What it is. NEAR is a public blockchain whose accounts are built to let a holder swap the secret key that controls their funds for a new one without rebuilding the account, which is the most flexible setup of its kind among the big base-layer chains, yet the team has not started moving any of it onto quantum-proof protection.
What we found. NEAR is set up better than its peers to switch to quantum-safe keys quickly, but none of that switch has begun: nothing runs on quantum-safe keys today, no code for it exists, no validator uses such a key, and no dated plan has been published.
Why it matters. A future quantum computer could forge the keys guarding every funded NEAR account, and because the same accounts also control money the holder owns on several other chains, one cracked key could drain funds in more than one place, so the easy upgrade path NEAR already has only helps once the team actually uses it.

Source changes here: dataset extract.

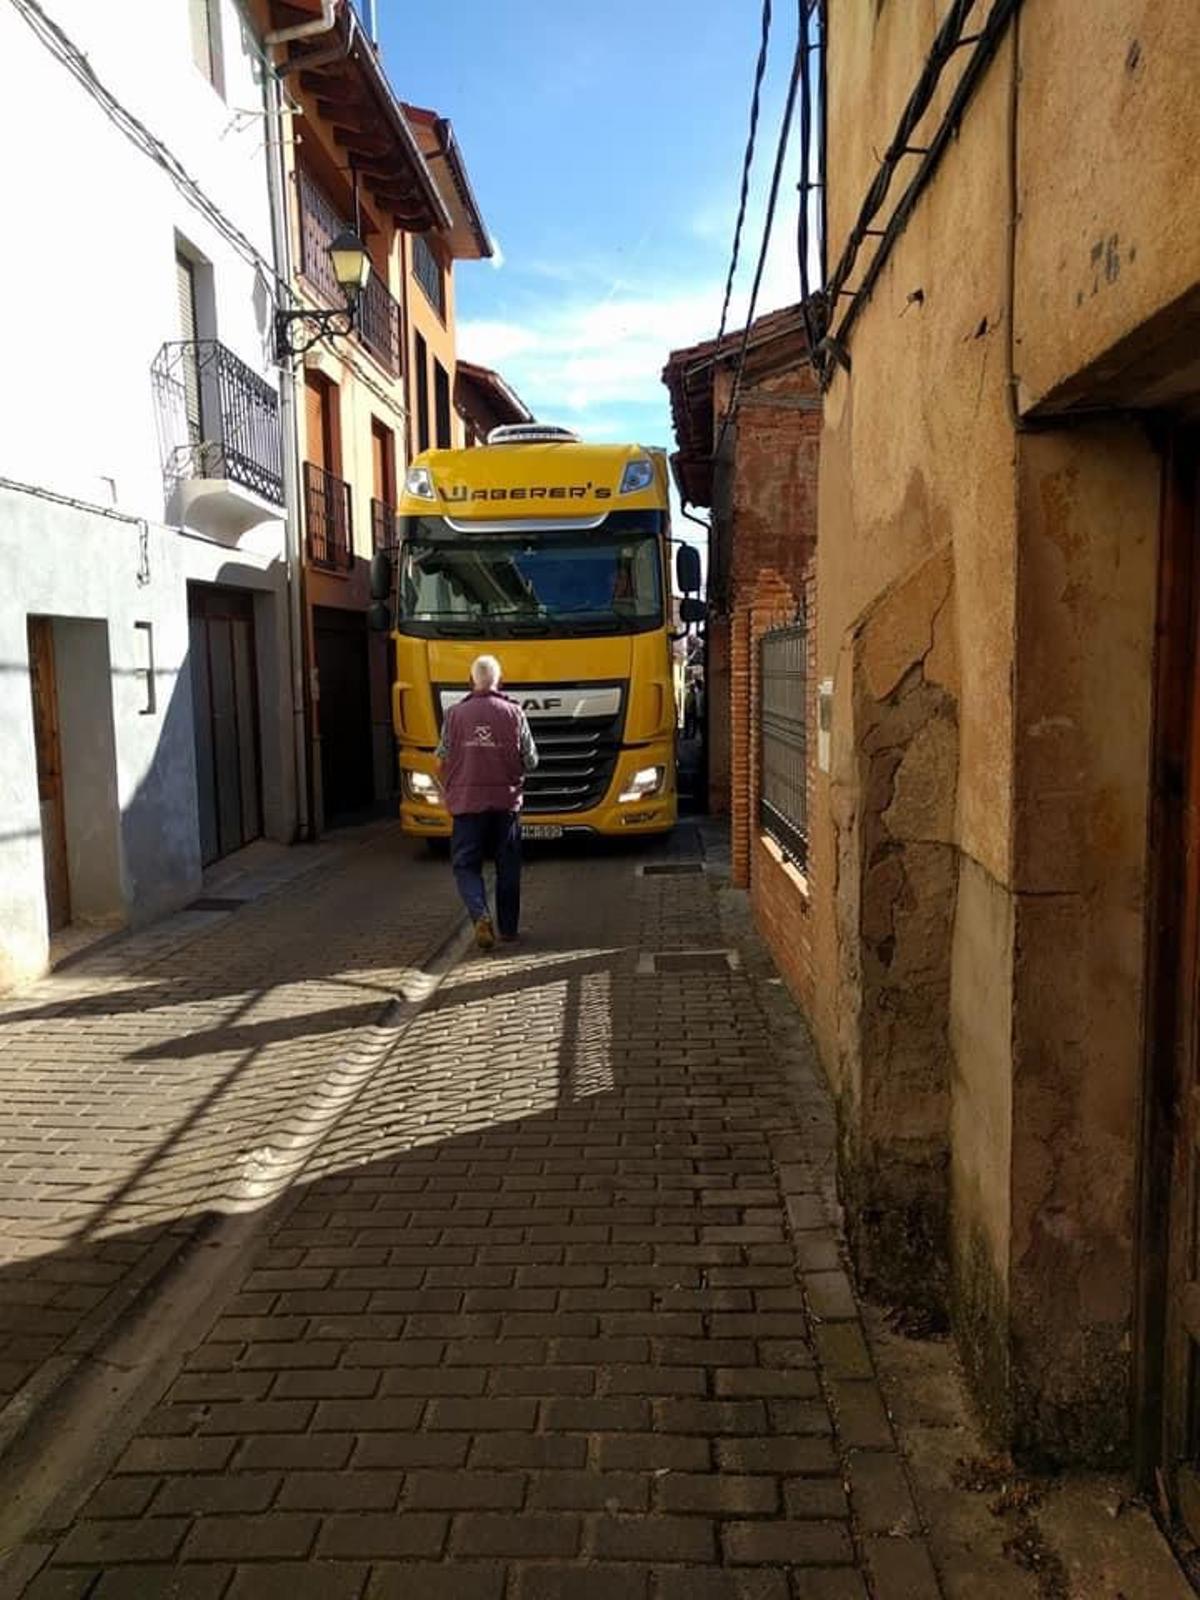 Camión de Waberer’s International atrapado en una calle estrecha de San Millán de la Cogolla.

NEAR has the strongest native account abstraction in the L1 cohort, the access-key model lets a PQ migration be a key-add + key-delete sequence at user level, no account redesign. Architectural readiness scores 73/100; deployment scores 13/100. The 60-point Architecture-Execution Gap is the binding tell: structural readiness without any execution.
Summary
NEAR operates entirely on Ed25519 (validator approvals, default access keys), secp256k1 (alternative access keys, Aurora EVM, Chain Signatures ECDSA), and SHA-256 (chain hash), all Shor-vulnerable or Grover-weakened, no post-quantum primitive in protocol use, no NEP, no working group, no published roadmap. Mainnet PQC traffic 0%. The structural strength is native account abstraction: the access-key model lets a PQ migration be a key-add + key-delete at user level, no account redesign. Dim 4 scored 73/100 on that architectural readiness; Dim 5 scored 13/100, zero deployment, zero client code, zero validator PQ keys. The Architecture-Execution Gap of 60 points triggers the QRI 70 cap; Mainnet-Traffic cap binds tighter at QRI 60. Chain Signatures (8-node MPC service) signs across two threshold protocols (ECDSA secp256k1, EdDSA Ed25519 GA 2025-04-30), both Shor-vulnerable; the cross-chain signing surface exposes NEAR's accounts to compromise of destination-chain keys derived from the NEAR account. Gate 1a-Sig FAIL, Gate 1a-KEM FAIL. The unresolved nearcore#3216 Ed25519 spec gap (closed 2025-06-10) materially complicates any future hybrid composition. QRI 24, Band 3 Planning.
What the gates say
- Gate 1a, Hybrid signature: FAIL , no documented hybrid signature composition; access-key model could host OR-composition but no spec declares this as the PQ migration path with security-game documentation
- Gate 1a, Hybrid KEM: FAIL , no documented hybrid KEM for NEAR validator gossip / RPC TLS / MPC-node transport
- Gate 1b, Commit-to-hash: COND , Gate 1a-Sig FAIL, no OR-composition declared
- Gate 2, Evidence reconstruction: PASS , every sub-score has ≥3 public artifacts except 5b/5c, single-source; flagged for evidence-density discount on Dim 5
- Gate 3, Primitive naming: PASS , Ed25519, secp256k1, SHA-256, threshold-ECDSA, threshold-EdDSA, FROST, Cait-Sith named with mechanism
Burn-vs-rescue policy on file
Declared option f, Undeclared. No foundation, NEP, or governance-forum declaration on what happens to legacy Ed25519-controlled accounts at the cryptographic-break horizon. Architecturally, NEAR's access-key model leans toward (e) optional migration (a user replaces their access key voluntarily), but this is not formalized as policy.
Seven dimensions
Each dimension scores 0–100 internally; the weighted roll-up produces the QRI.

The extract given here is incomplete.